XML.com: XML From the Inside Out
oreilly.comSafari Bookshelf.Conferences.

advertisement

Going Native, Part 2

April 13, 2005

Data Integration

The second major use of native XML databases is data integration. XML is well-suited to data integration because of its flexible data model and machine-neutral text format. In addition, XQuery is a good data integration language because of its ease of use, support for transformations, and ability to join data from different documents (data sources). Finally, there are a large number of tools for converting data from various formats to XML.

Data Integration in the Real World

Let's start by looking at some of the ways in which native XML databases are used to integrate data:

  • Business data. A very common data integration problem is, in the words of Michael Champion, formerly of Software AG, to "get a coherent view of the mess in the back office." For example, Vodafone uses Tamino in a system that lets customers and internal users view billing information over the Web; the system integrates data from SAP, Lotus Notes, and Microsoft Exchange. Snapbridge FDX XML Server and X-Hive/DB are used in similar fashion, integrating data from such diverse platforms as relational databases, flat files, weblogs, Web services, LDAP, and HRM systems to give a single view of entities like customers or products.

  • Order analysis. Hewlett Packard uses Ipedo to integrate internal financial data, such as order, shipment, and revenue data; expense data; and financial projections and goals. Data is gathered from a variety of sources, including relational databases, spreadsheets, flat files, PDF documents, and Word documents. It is queried and displayed through an internal Web portal.

    AZM, a Swiss chain of convenience stores, uses TEXTML Server to archive and search purchase orders and invoices from suppliers and customers. The primary data sources are ERP (Enterprise Requirements Planning) systems that use relational databases, but it turned out to be faster to search the data as XML than to perform the joins in the relational databases.

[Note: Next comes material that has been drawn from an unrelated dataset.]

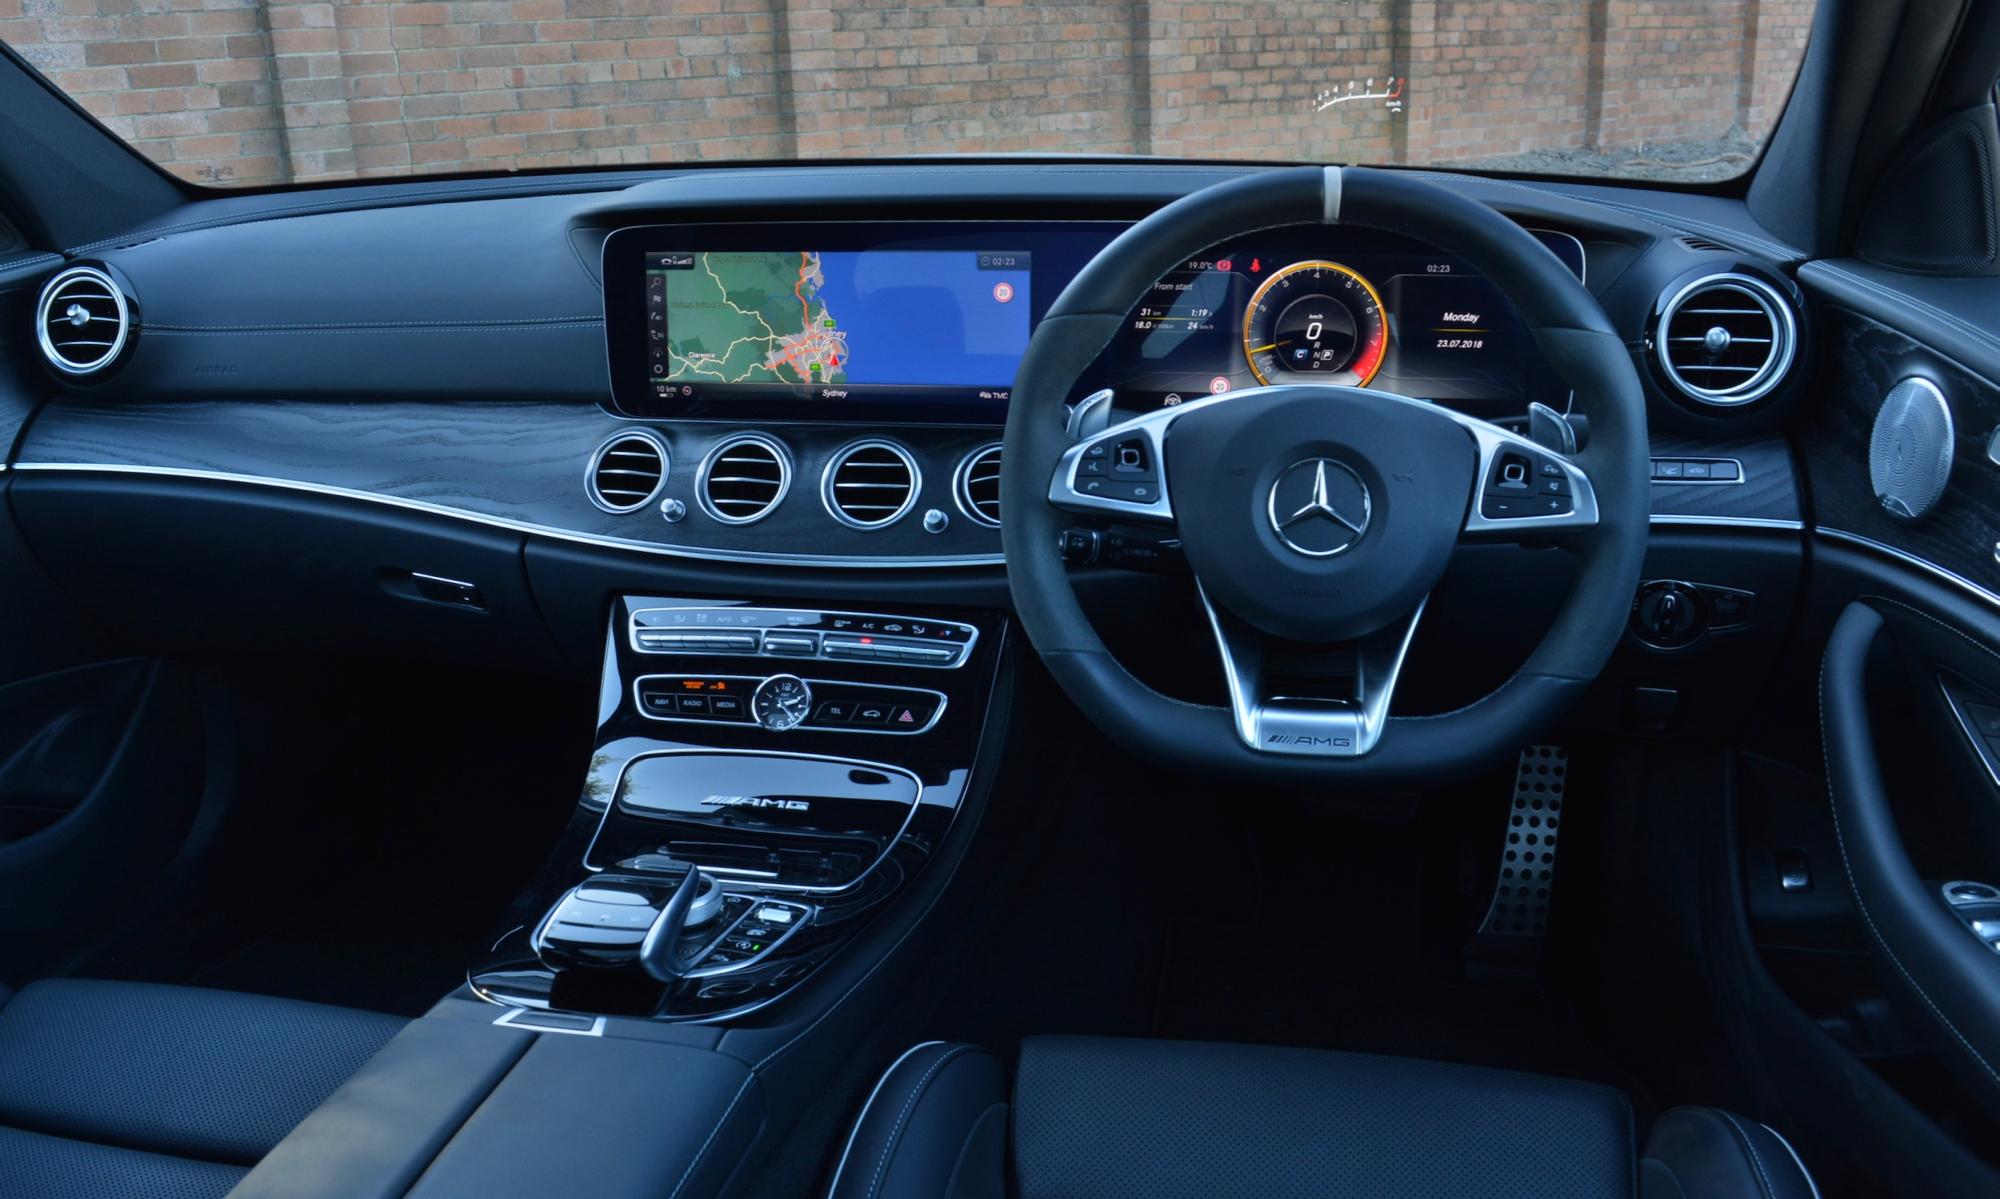 Mercedes-AMG E63 S 2018

  • News production. RTL, a German broadcaster, uses MaxiMedia Mpower for newsroom production. Mpower uses Tamino to integrate stories from a variety of news feeds using a subset of NewsML. The system currently stores more than 300,000 articles, comprising several gigabytes of data. Similarly, IXIASOFT's TEXTML Server is used to integrate data from multiple news feeds, each with its own format, into a single news production system.

  • Financial data. Commerzbank uses Tamino to integrate data about customized-financial-derivative trades from 18 different systems. Data is first converted to XML and stored in Tamino. It is then transformed to a common schema for automatic evaluation and reporting by several back-office systems.

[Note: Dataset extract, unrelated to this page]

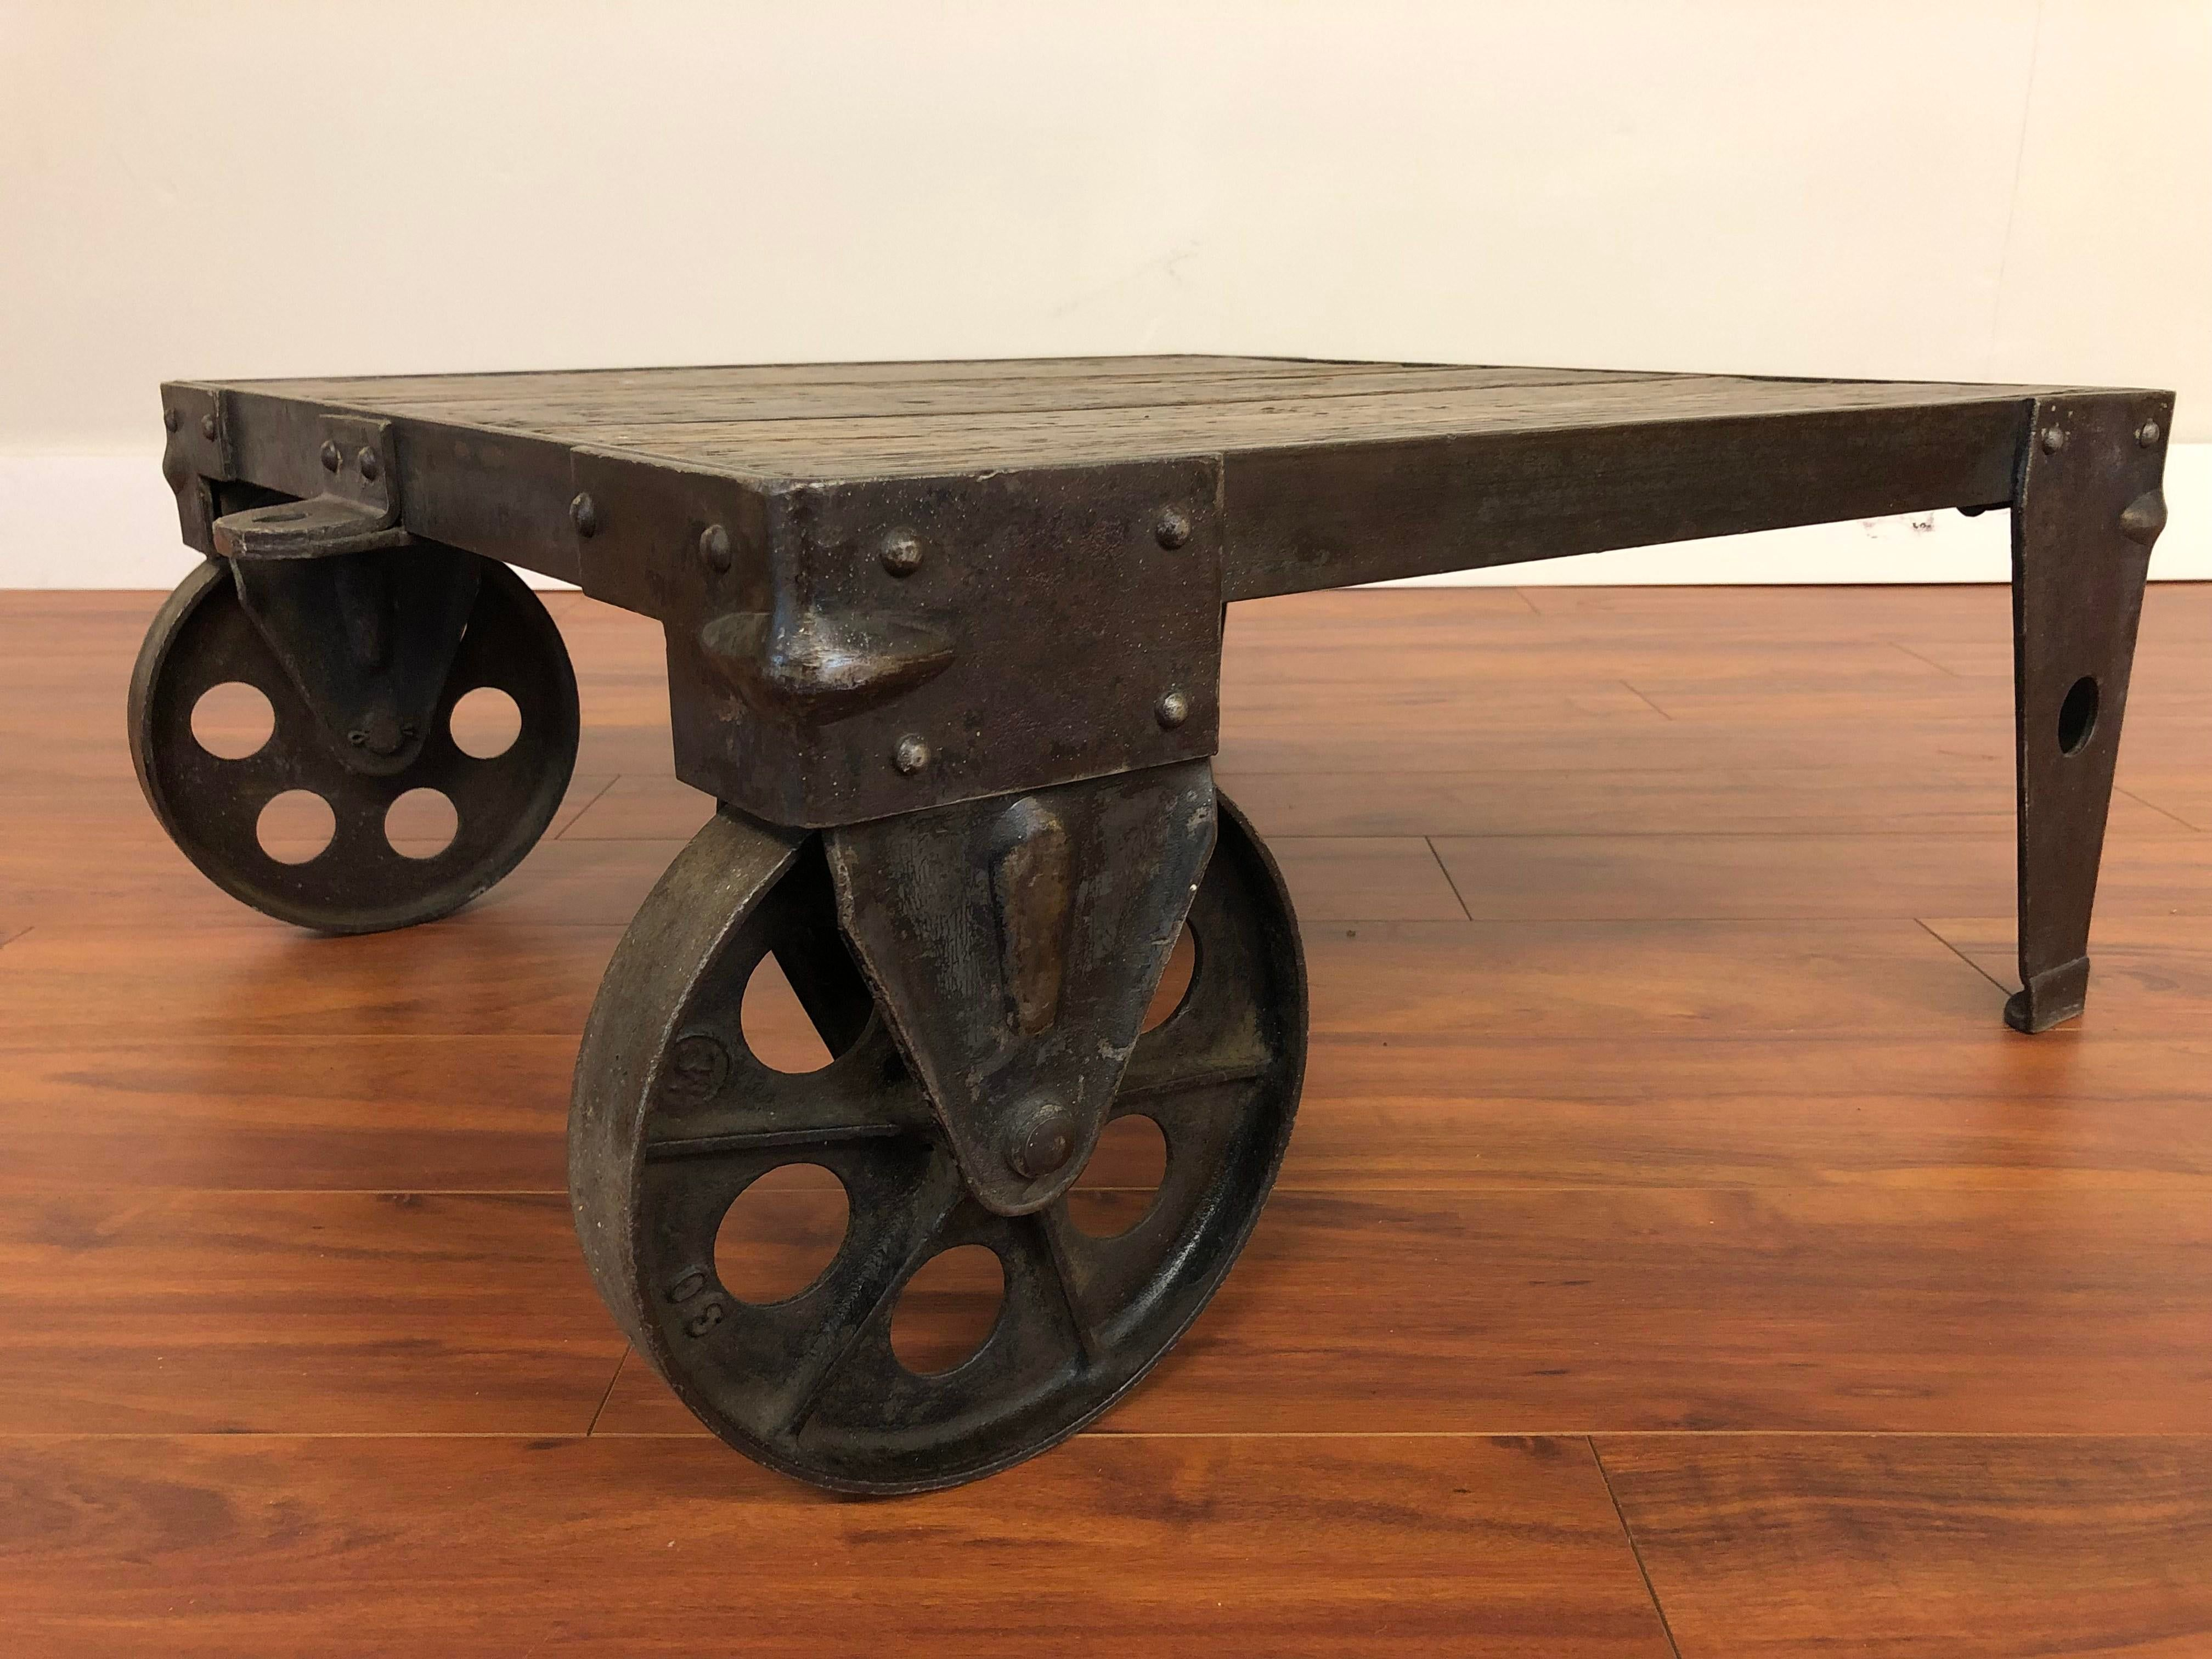 Industrial Coffee Table Cart In 2021 Metal Work Table Industrial Coffee Table Rustic Industrial Table [ 3024 x 4032 Pixel ]

  • Flight information. The central information system at Schiphol Airport in Amsterdam uses Tamino to integrate data from more than 38 systems in real time. The data describes flights--arrival and departure times and gates, airplane types, baggage carousels, and so on--and is used by more than 50 parties involved in flight handling--from catering to baggage handling to gate assignment--as well as being displayed to the public. Data is stored as XML, using an envelope schema derived from ebXML and predefined message types, such as for flight updates, airplane movements, and timetable changes.

  • Health care. The TigerLogic XML Life Sciences Data Server (based on TigerLogic XDMS) can integrate medical and health care records from more than 20 data sources. Such integration problems are common in health care, where data usually resides on many legacy systems.

  • Manufacturing. A production control system uses QuiLogic's SQL/XML-IMDB to integrate data from different machines and sensors, which is then queried through a Web services interface. Each machine and sensor publishes data in a different ASCII or binary format, which are converted to XML documents with a common schema.

  • Instrument data. Renault uses X-Hive/DB to integrate data from sensors on its Formula 1 race cars, along with weather and track conditions and audio and video signals. The data is then made available to mechanics, engineers, and designers via a Web portal, who use it to perform "what-if" analyses.

  • Customer referrals. TIBCO uses Xpriori's NeoCore XMS to integrate customer referral information from spreadsheets and various documents according to a common schema. The system is used to coordinate customer referrals worldwide.

  • Customer support. A pharmaceutical clearinghouse uses Snapbridge's Cross Media Server to store existing RSS feeds from a number of relational databases. Customer support representatives query these feeds (primarily through full-text searches), then use an embedded URI to get back to the original data. While the solution is not elegant--a schema more targeted to the data than RSS would have been better--it had no impact on the backend databases and was very easy to write.

  • Law enforcement. Raining Data's TigerLogic XDMS is used to search data gathered from government and law enforcement agencies, both domestically and internationally.

Inside the Applications

Data integration applications must solve a number of problems, from data access to security to change management. In this section, we will look at the architectures used to solve two of these problems: queries and mapping schemas.

Query architectures

There are two query architectures for integrating data with a native XML database: local and distributed. In a local query architecture, data is imported into the database as XML and queried locally. In a distributed query architecture, data resides in remote sources and the query engine distributes queries across those data sources. The engine then compiles results and returns them to the application.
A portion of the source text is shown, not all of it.